Vitis Tutorials: Vitis HLS (XD261)

Document ID
XD261
Release Date
2025-06-17
Version
2025.1 English

By using Code Analyzer, we were able to rapidly analyze and improve the design without running C Synthesis, so let’s now compare the estimation results from Code Analyzer against the estimations from C Synthesis:

Version CA: polyvec_ntt TI CA: ntt TI C-Synthpolyvec_nttlatency=interval
Version0: baseline code 51.5M 402k not computed
Version1: manual unroll 804k 6281 688k
Version2: remove p[] dependencies 230k 1540 295k
Version3: function template + dataflow + independent IO 199k 1552 100k

The estimations from Code Analyzer were guiding us to do the correct code changes and despite the estimations not matching exactly those from C Synthesis, they are showing the same trend and order of magnitude which is what allowed us making rapid changes.

For the change between Version2 and Version3, we can also notice the advantage of optimizing this function with the DATAFLOW pragma and task-level parallelism as it becomes obvious when viewed this way.

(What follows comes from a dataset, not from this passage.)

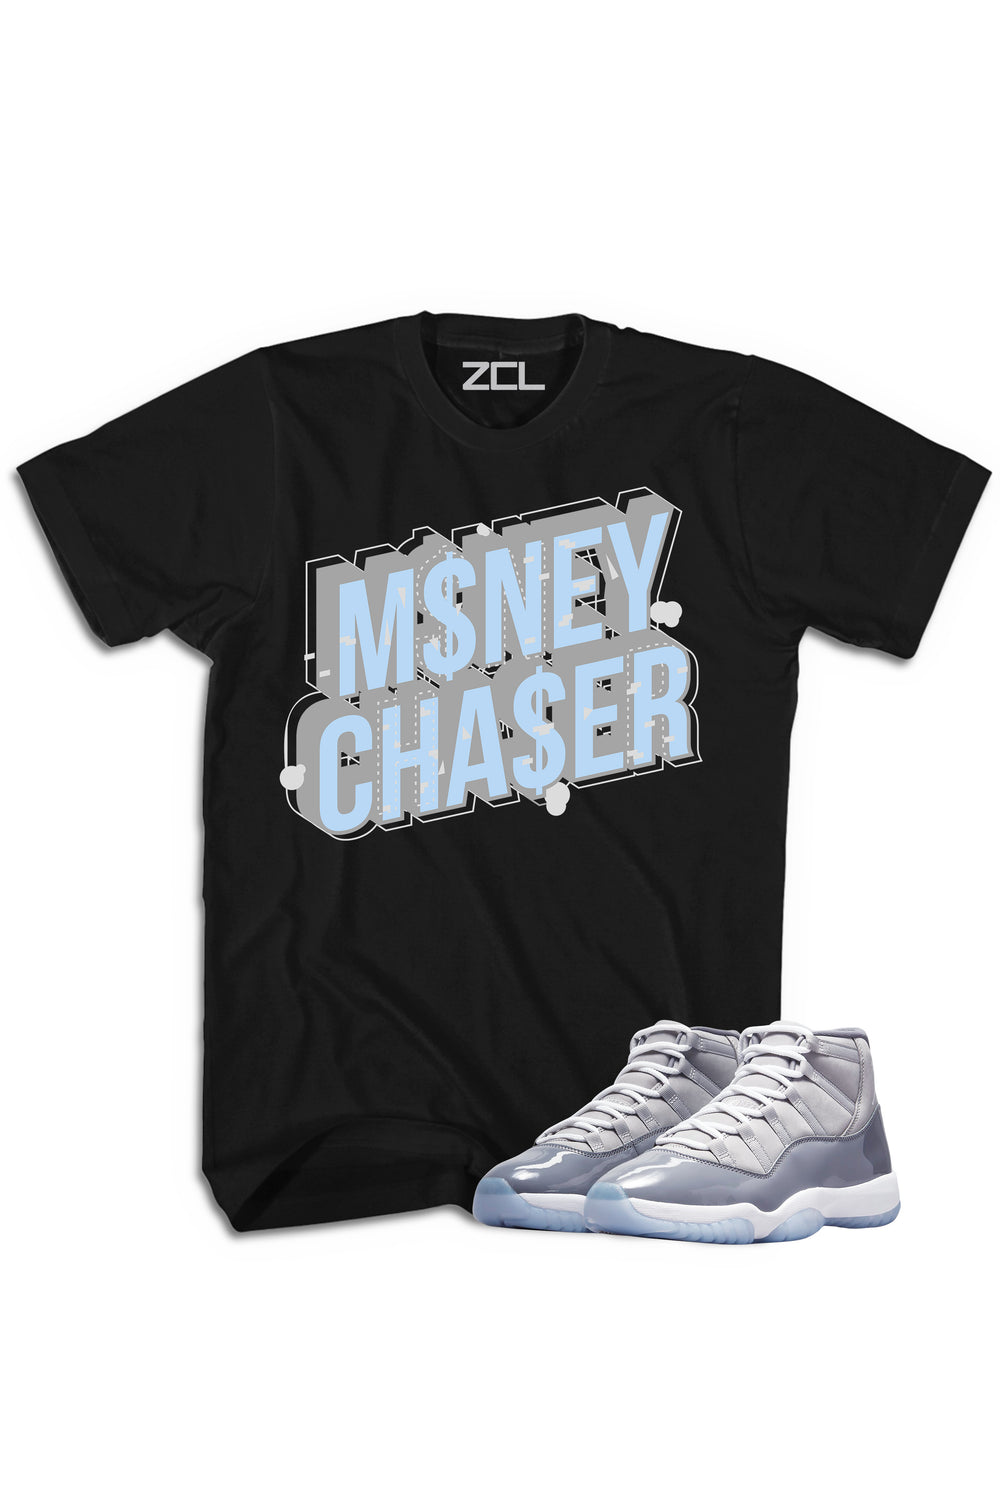 Air Jordan 11 "Money Chaser" Tee Cool Grey - Zamage

Without dataflow, both the latency and the interval of ntt are equal to the sum of the functions it calls. With dataflow, the initiation interval of ntt becomes equal to the maximum interval of one of NTT’s sub stages. So whilst the latencies are the same in both versions, the initiation interval is much better: C Synthesis shows the latency to be 2114 cycles and the II to be 770 which is about a third, because each of these stages is running concurrently on a different iteration of data. when compounded all together the Version3 is running about 3 times faster than Version2; This is the advantage of the dataflow pragma and task-level parallelism.

The Resources Estimations table below from C-Synthesis using a Versal Premium (xcvp1202-vsva2785-1LP-i-L) further shows that the design resources didn’t bloat between the initial and final version. The biggest changes are the DSP resources to perform the computations in parallel and the BRAM to implement the needed intermediate ping-pong buffers.

Version latency BRAM DSP FF LUT
Version0: baseline code not computed 1 (~0%) 3 (~0%) 20844 (1%) 23036 (2%)
Version1: manual unroll 688k 1 (~0%) 21 (~0%) 115896 (6%) 134623 (14%)
Version2: remove p[] dependencies 295k 9 (~0%) 21 (~0%) 9449 (~0%) 11701 (1%)
Version3: function template + dataflow + independent IO 100k 19 (~0%) 21 (~0%) 13720 (~0%) 17940 (1%)